Uma decisão que leva a economista a dar cartão vermelho ao ministro. «Teria sido necessário reforçar os apoios de todas as pessoas que não estão abrangidas pelo layoff, que são muitas. E mesmo essas tiveram uma quebra de rendimento porque houve horas extraordinárias, complementos, etc., que não foram pagos Sem falar de uma margem enorme do mercado de trabalho que não é abrangido por este sistema que foram as pessoas com a contrato a prazo que não foram renovados, assim como os prestadores de serviços. É uma gestão orçamental que é um bocadinho difícil de a pessoa compreender no meio de uma crise destas que entretanto se prolongou, que já dura há um ano e meio e não vemos fim à vista». 

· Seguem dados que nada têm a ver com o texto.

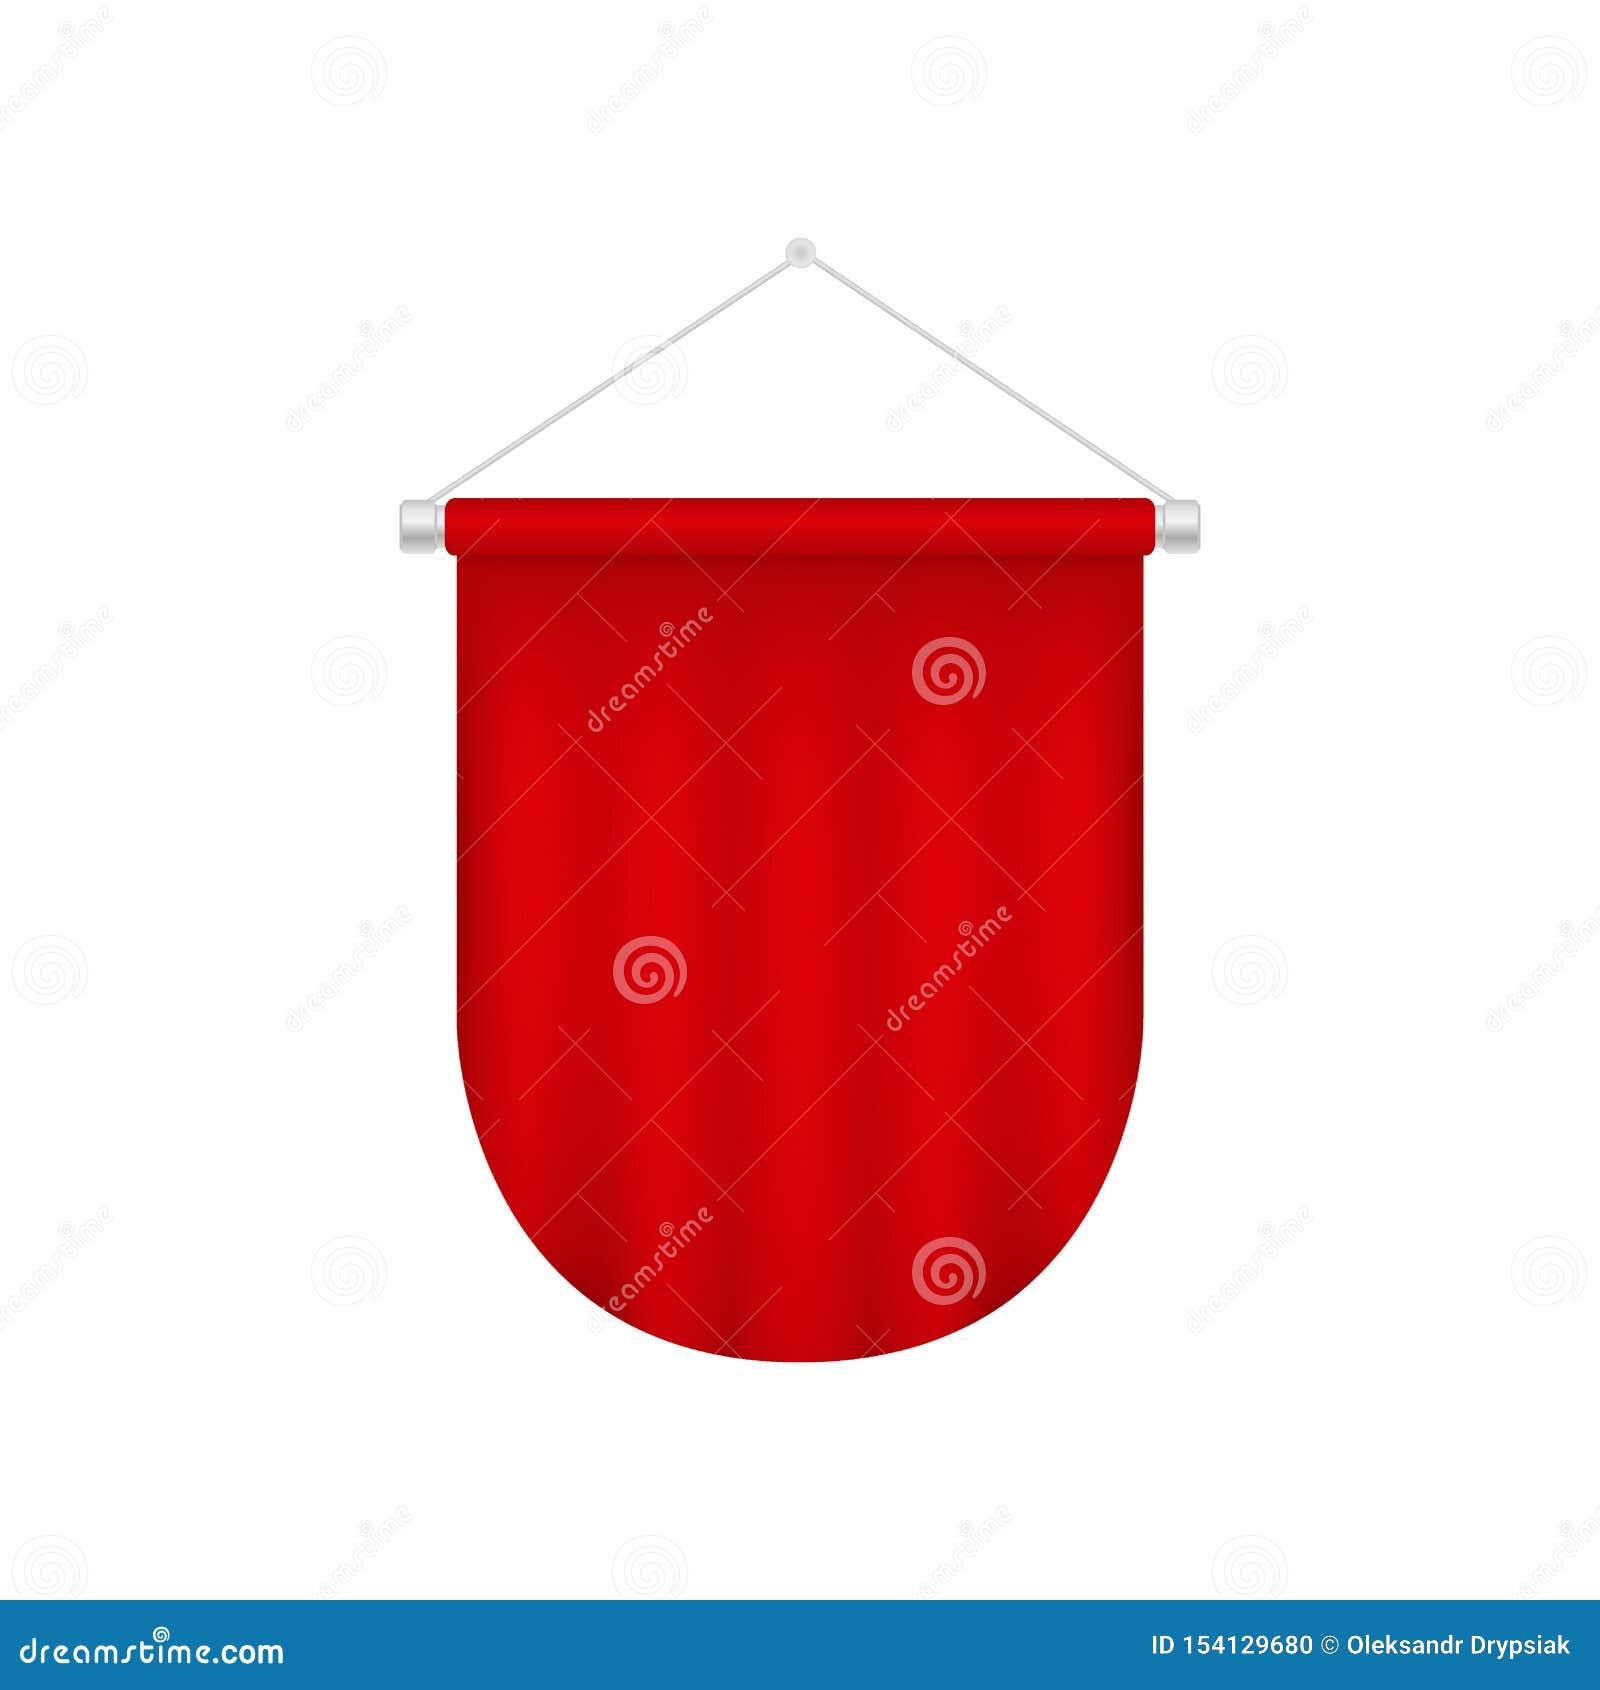 Molde realístico da flâmula do vetor Bandeira vazia vermelha

Em relação ao futuro, Susana Peralta aponta alguns desafios. Um deles diz respeito às moratórias. «Já Mário Centeno veio dizer que as moratórias não se vão poder prolongar e tem toda a razão, defendendo que é preciso mais apoios à economia, o que curiosamente como ministro não implementou. Isso é um problema que vai começar a surgir». Por outro lado, defende que é preciso resistir à tentação de salvar todas empresas: há que evitar criar zombies. «É evidente que decidir não salvar algumas empresas implica sempre ajudar as pessoas que estão nessas empresas. E este problemas das moratórias não é desligado desta gestão mais cuidadosa que é a gestão com a marca Centeno/Leão», conclui.

João Duque: ‘Estaria com remorsos de ver tanta gente com tantas necessidades e carências’
«A execução está completamente fora do Orçamento de Estado que foi aprovado. Não mudou grande coisa. Se olharmos para 2020 podemos sempre descartar metade da responsabilidade. Mas não nos podemos esquecer que o ministro desperdiçou totalmente o acréscimo da despesa que foi autorizado a fazer nesse ano para fazer face à pandemia». A garantia é dada ao Nascer do SOL por João Duque. 

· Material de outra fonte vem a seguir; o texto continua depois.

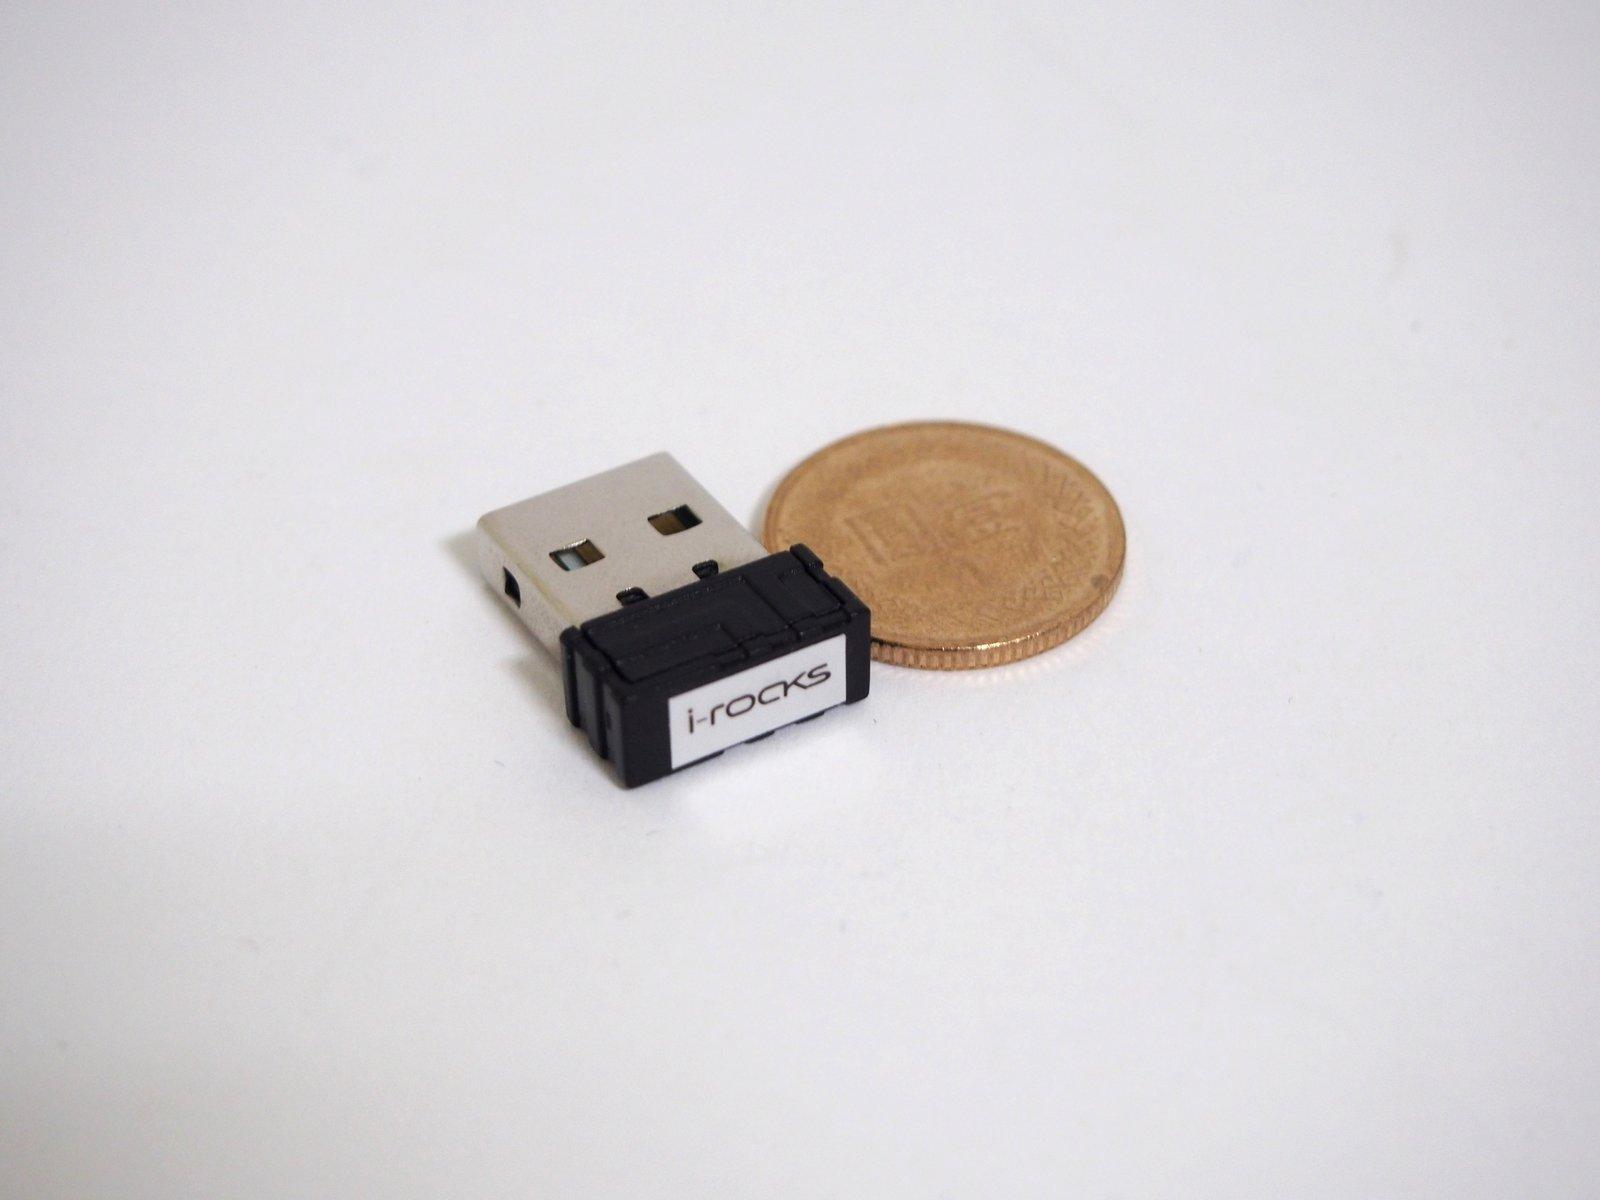 [XF] 雪白經典復刻再現 i-rocks 艾芮克 RF6170S Retro 無線鍵鼠

O economista lembra que o nível de despesa foi inferior, mesmo depois de ter um Orçamento retificado, o que mostra que João Leão gastou menos do que estava previsto no documento inicial aprovado. «Houve uma sobra face ao Orçamento do Estado inicial que foi aumentado em cinco mil milhões de euros, mas que não foi preciso para nada. Ou seja, gastou menos do que estava previsto num Orçamento feito sem pandemia», aponta. A única diferença disse respeito à receita arrecada, menor do que estava previsto.

«Mais uma vez, cortaram no investimento, que poderia ser de nove mil milhões para fazerem obras de construção, recuperação de estradas, obras essas que não estavam sujeitas a um confinamento. Acho isto inacreditável, pior que isto só o ano de 2014, em que se gastaram 77%. Mas em ternos nominais nunca houve uma diferença tão grande em termos de orçamento executado e de orçamento aprovado na área do investimento público, em que se traduziu numa poupança de 1.450 milhões e estamos a falar de obras que fazem falta», acrescenta.

Quanto aos apoios, João Duque também aponta o dedo ao garantir que houve várias verbas que foram prometidas, mas que não chegaram a ser executadas. «Há muito milhão que foi tirado para o ar e depois não se fez nada. Estaria com remorsos de ver tanta gente com tantas necessidades e carências, principalmente depois ter executado muito menos obra que devia».

Em relação ao futuro, o economista tem dúvidas: «Como é que vamos ser uma economia mais competitiva, mais positiva», questiona, lembrando que «essa é que é a grande questão», mas acredita que o Governo não tem resposta para isso. «Vão vivendo o dia-a-dia».

Também reticente está em relação à ‘bazuca’ ao garantir que essa verba foi a que podia ter sido gasta no ano passado e não foi executada. «Estavam autorizados a gastar e ficaram com uma ‘bazuca’ de 14.000 milhões para investir e não o fizeram e a agora falam em bazuca? Nos últimos exercícios de 2017, 2018, 2019 e 2020, Portugal deixou de fazer aquilo que estava autorizado. Portugal deixou de executar em orçamento e investimento 5.600 milhões de euros e isso é mais de um terço da bazuca. Podiam ter bazucado à brava», refere.

E garante: «Não se fizeram novas estradas, não se fizeram novas pontes, não se fizeram ferrovias, não se fizeram novos aeroportos. Ou seja, não se fez praticamente nada. E mesmo assim gastou-se sete mil milhões em investimento. Então agora com 16 mil milhões vão mudar Portugal? Estamos a brincar com quem?», questiona.